Your task is to repeat exactly the lines below between the line holding "I've been around" and the line holding "Antique Genuine Swedish", inclusive, and only those.

═════ Data shown ═════

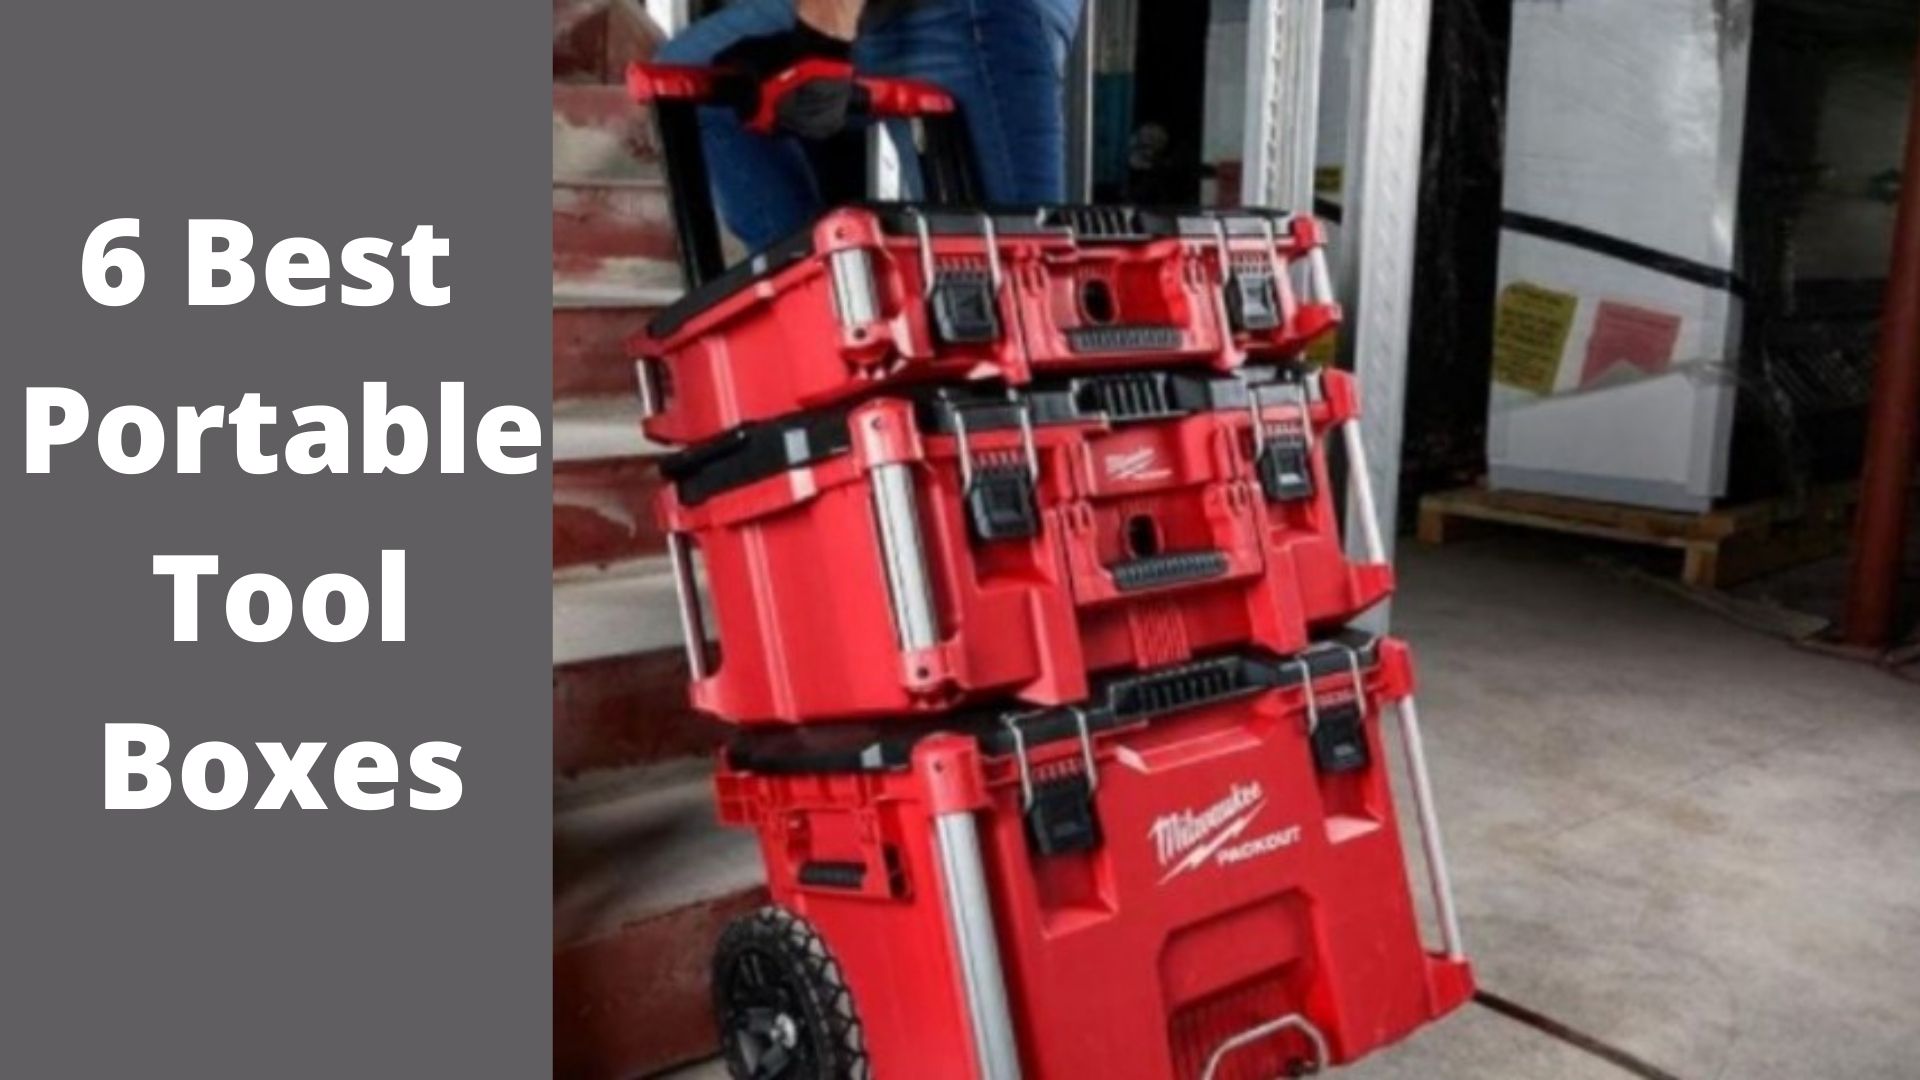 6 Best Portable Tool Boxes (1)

═════
═════ Data shown ═════

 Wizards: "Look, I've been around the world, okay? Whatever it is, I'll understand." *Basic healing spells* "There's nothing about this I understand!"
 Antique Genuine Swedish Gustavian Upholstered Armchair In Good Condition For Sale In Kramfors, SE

═════

▸ **Answer space**
 Wizards: "Look, I've been around the world, okay? Whatever it is, I'll understand." *Basic healing spells* "There's nothing about this I understand!"
 Antique Genuine Swedish Gustavian Upholstered Armchair In Good Condition For Sale In Kramfors, SE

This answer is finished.